There is that mentality of shouting out the first thought that popped into someone's head! John put up that picture of his mom in front of the house, but he did not say "Today was the day my mom sold her house. It is a massive watershed moment in all of our lives. This is the house where The Long Winters practiced in the basement for 15 years. This is the house that I lived in with my mom when I made "When I Pretend to Fall". My mom and me restored this house, we stripped it to the studs and rebuilt it because it was a firetrap with falsely lowered ceilings, fluorescent lighting and linoleum over the hardwood floors. She was the general contractor and I was the carpenter." John has a lot of emotions about this house.

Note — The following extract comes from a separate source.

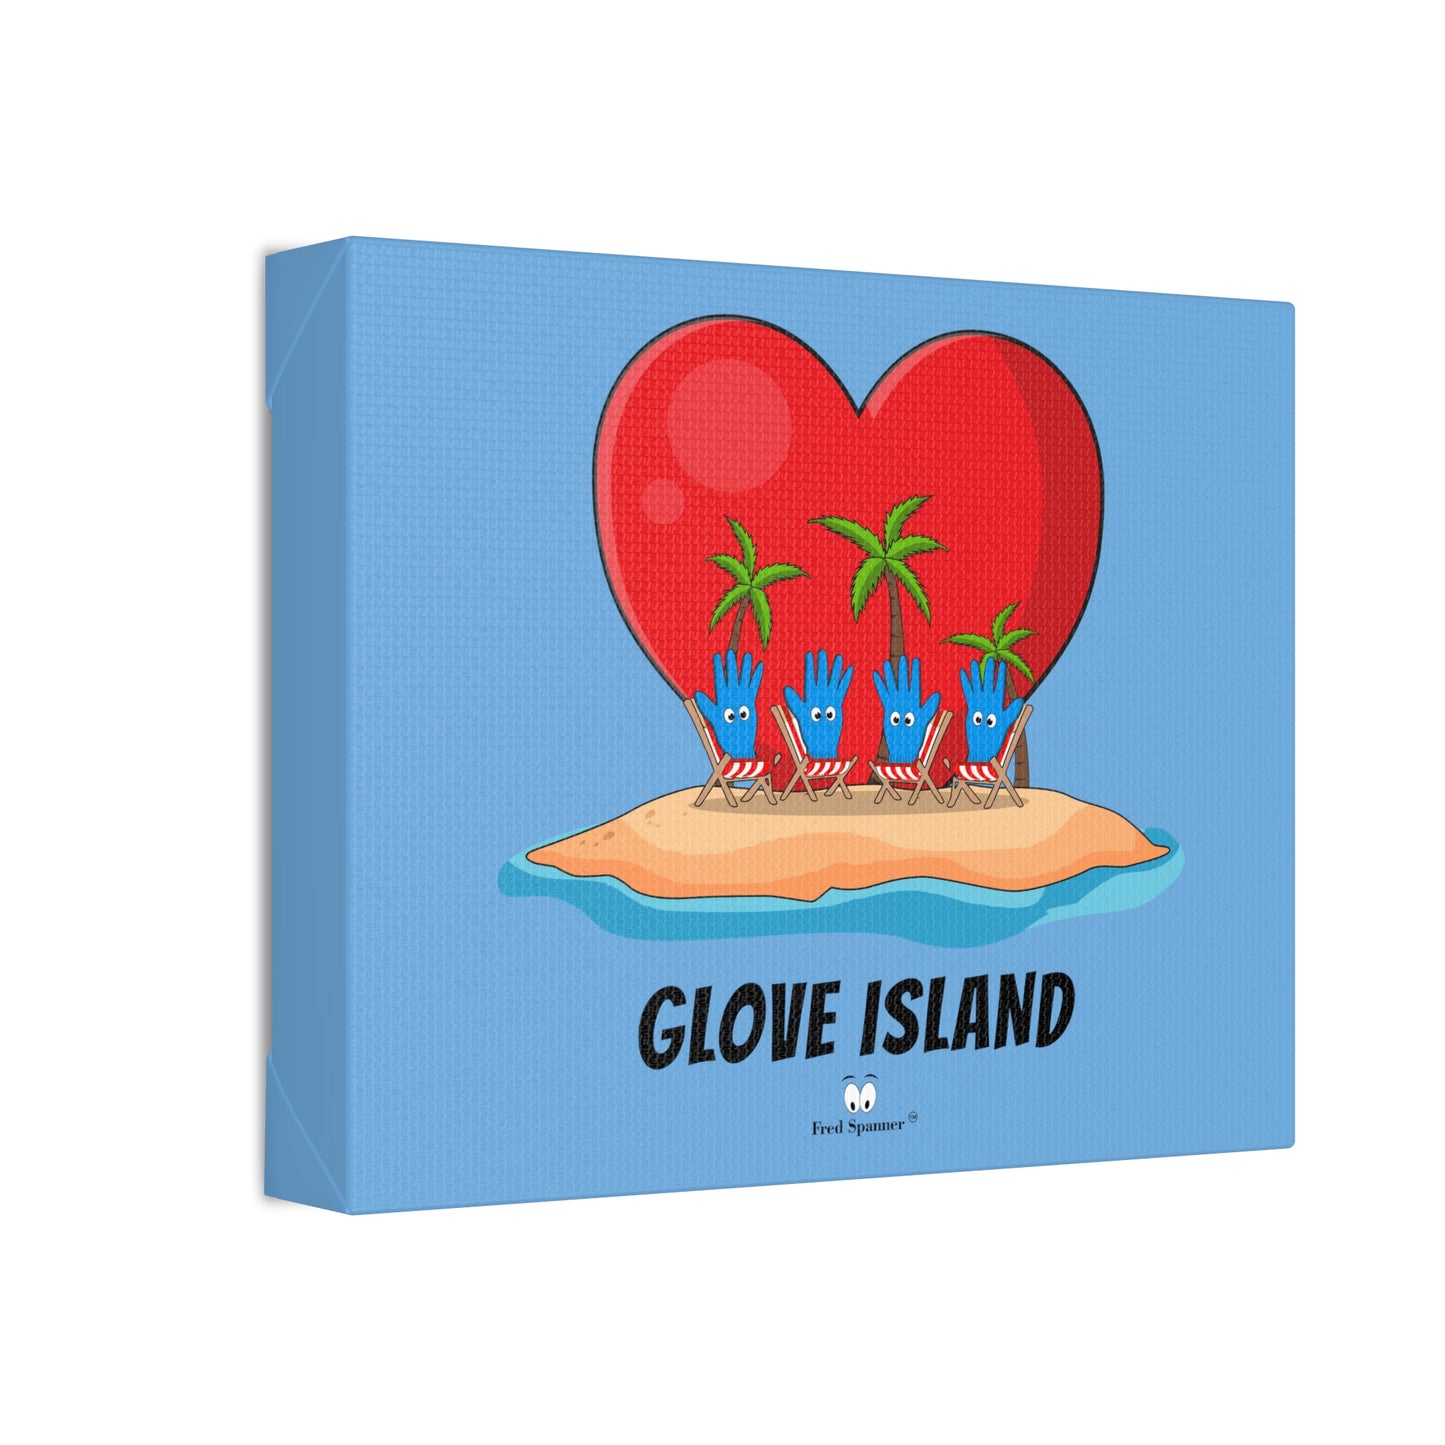 Glove Island- Canvas
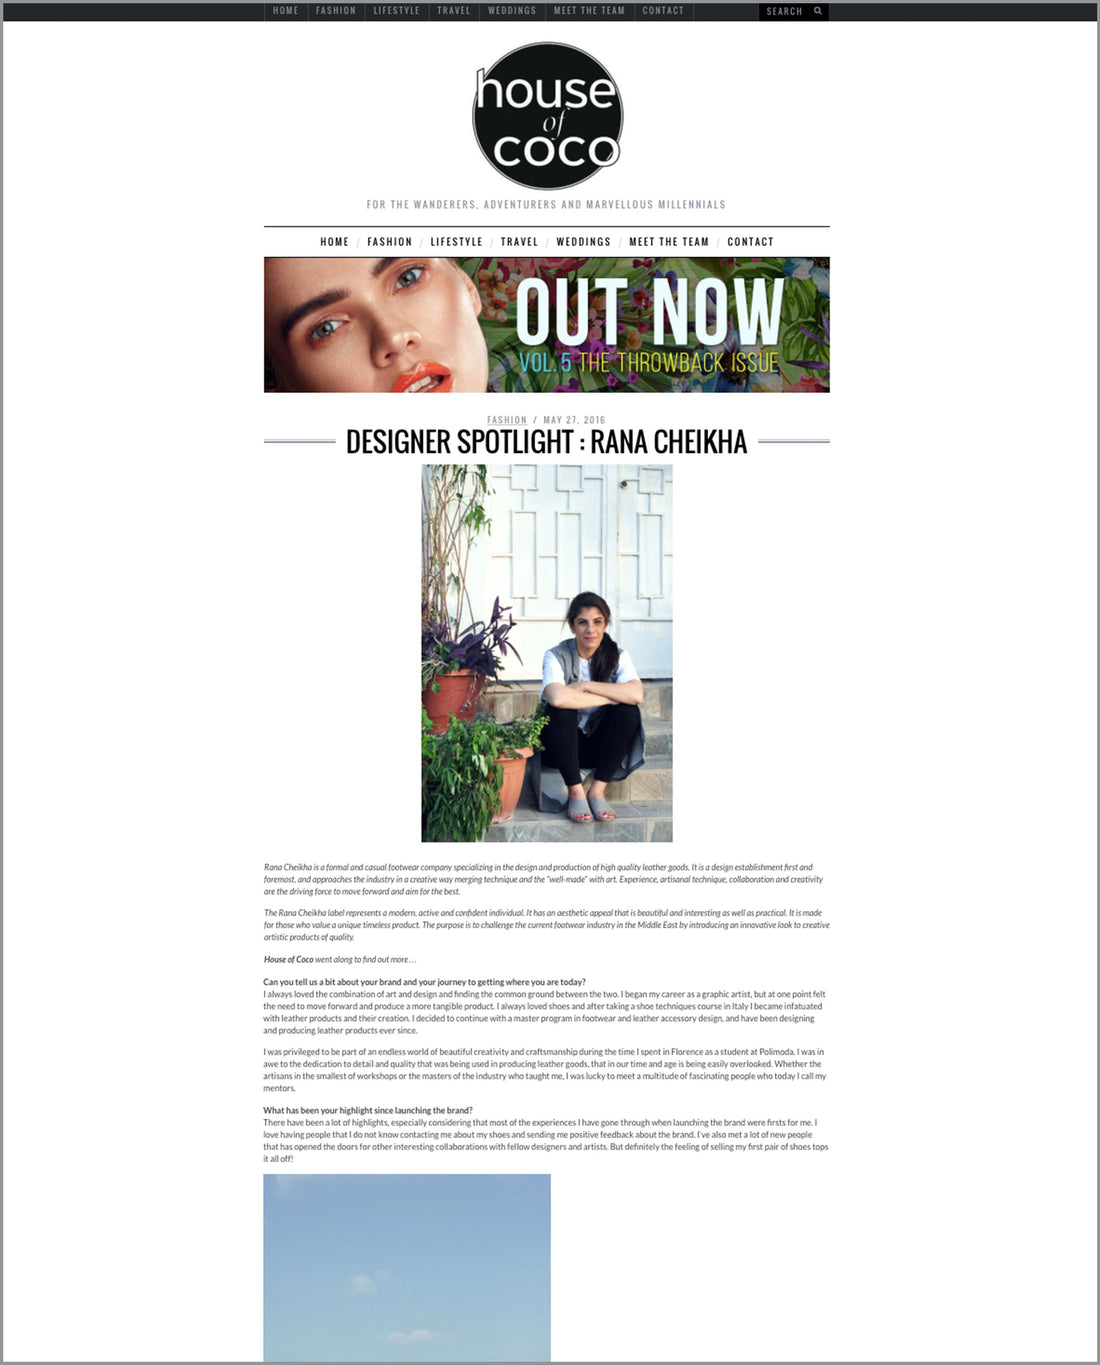 House of Coco Magazine ranacheikha

He is not sitting and crying because it was not the house he grew up in, but it was the house where they lived for 20 years and now it goes back into the stream. Life putters along. John is not sad about it, but it is emotional nevertheless. He is not an oversharer and he is not going to turn to Facebook to seek consolation, but he would have liked to have said something more commemorative for his friends. In the end John and his sister agreed that it is too easy for people to shit on it and they would rather not mention it than having it shit on by strangers and having that be out there both in their heads and out in the world. (RW68)

Merlin did not know about this story until John happens to mention it on RL250, although he had talked about it on Roadwork for months.